Runoff: July 24th, 2018

General Elections: November 6th, 2018

After eight years, Republican Governor Nathan Deal will leave office due to term limits. Deal was elected to the House of Representatives as a Democrat in 1992, before switching to the Republican party in 1995. His change reflects the Peach State’s 20-year shift from Democratic to Republican control. Since 2005, the Republicans have held the offices of Governor, Attorney General, and Secretary of State. Yet in recent years, the pendulum has begun to swing back towards Democrats as Georgia’s demographic favors liberals, indicated by the Democrats’ strong performance during a 2017 special election to replace the congressional seat vacated by Republican Tom Price.

Two state legislators, Stacey Abrams and Stacey Evans, have entered the race for the Democratic nomination. Both women have legal backgrounds with similar liberal policy prescriptions, but appeal to two different electorates. Stacey Evans has represented a suburban Atlanta district in the State House since 2011. She’s championed education initiatives like the state’s HOPE Scholarship program, which offers education opportunities to high school graduates with low income. Evans hopes to expand the program while making college more affordable for students. As a white woman, she’s recounted her struggles growing up in poverty in rural Georgia before earning a HOPE scholarship. Evans’ campaign aims to attract rural and suburban Democrats, while state donors and endorsements have fueled her campaign.

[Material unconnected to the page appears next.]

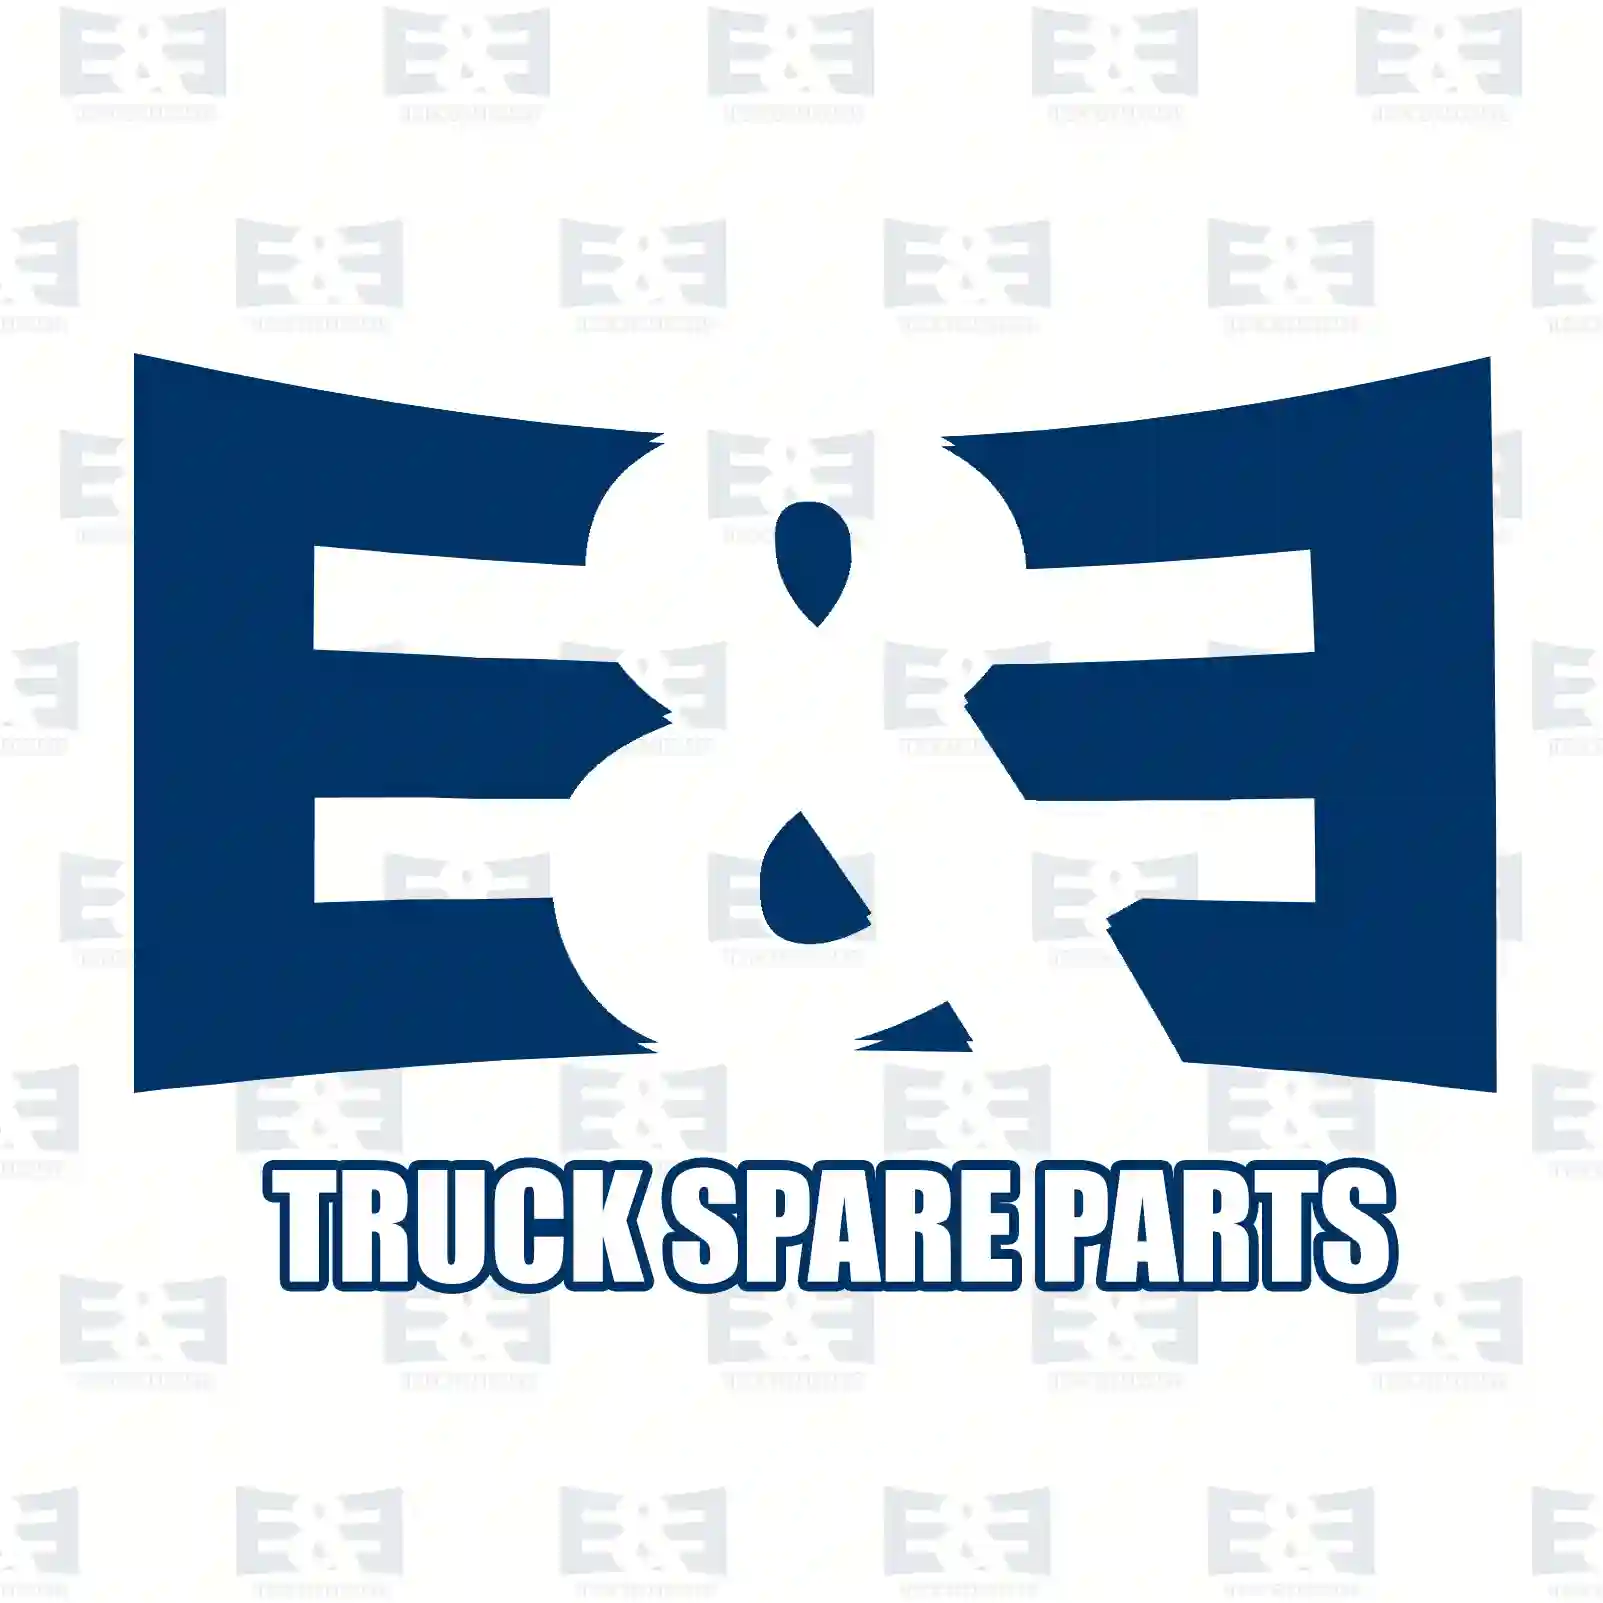 Input shaft, 2E2279281, 7422358444, 22358 ||  2E2279281 E&E Truck Spare Parts | Truck Spare Parts, Auotomotive Spare Parts Input shaft, 2E2279281, 7422358444, 22358 ||  2E2279281 E&E Truck Spare Parts | Truck Spare Parts, Auotomotive Spare Parts

Stacey Abrams is an African-American woman who led Democrats in the Georgia House where she served from 2007 to 2017. A Spelman graduate with a law degree from Yale, Abrams was a romance novelist and a Deputy City Attorney for Atlanta at age 29. Her platform advocates for improved access to childhood education and healthcare, while increasing the state’s minimum wage. So far, Abrams has attracted a big endorsement from Rep. John Lewis, as well as a host of national liberal groups, including MoveOn, Democracy for America, and the Working Families Party. Abrams will likely aim to expand the urban electorate in Georgia, where more than 1 million black voters did not cast ballots in the 2014 gubernatorial race.

According to a March Mason-Dixon Poll of 500 likely Democratic voters, Abrams has 29 percent support, while Evans has 17 percent. Fifty-four percent remain undecided.

GA_Lt_governor_Casey Cagle.jpg
Lt. Gov Cagle

In the GOP, Lieutenant Governor Casey Cagle has emerged as the likely nomination, raising more than $7 million in campaign funding. According to a Landmark/RosettaStone poll from October 2017, Cagle earned 35 percent support from likely Republican voters (among 800 polled). However, more than 44 percent had not decided. Cagle has strong relationships with the state’s GOP establishment and its political action committees, giving him a significant leg-up in campaign funding. He grabbed national headlines in late February after calling out Delta—an Atlanta-based   corporation—on social media to restore a discount to NRA members, otherwise the state would pull a $50 million sales-tax exemption on jet fuel.

Hunter Hill, a state senator from the northern Atlanta suburbs, took 9 percent in the poll. A former West Point graduate who served in Iraq and Afghanistan, he’s been in the State Senate since 2012. He’s raised roughly $2.2 million.

Meanwhile, Georgia Secretary of State Brian Kemp had 7 percent. Kemp has $2.1 million on hand and will likely try to appeal to rural voters. Kemp served in the Georgia Senate from 2002 to 2006, before winning the Secretary of State race in 2010 and again in 2014.

The Cook Political Report has categorized the race as safely Republican and Inside Elections has called it likely Republican.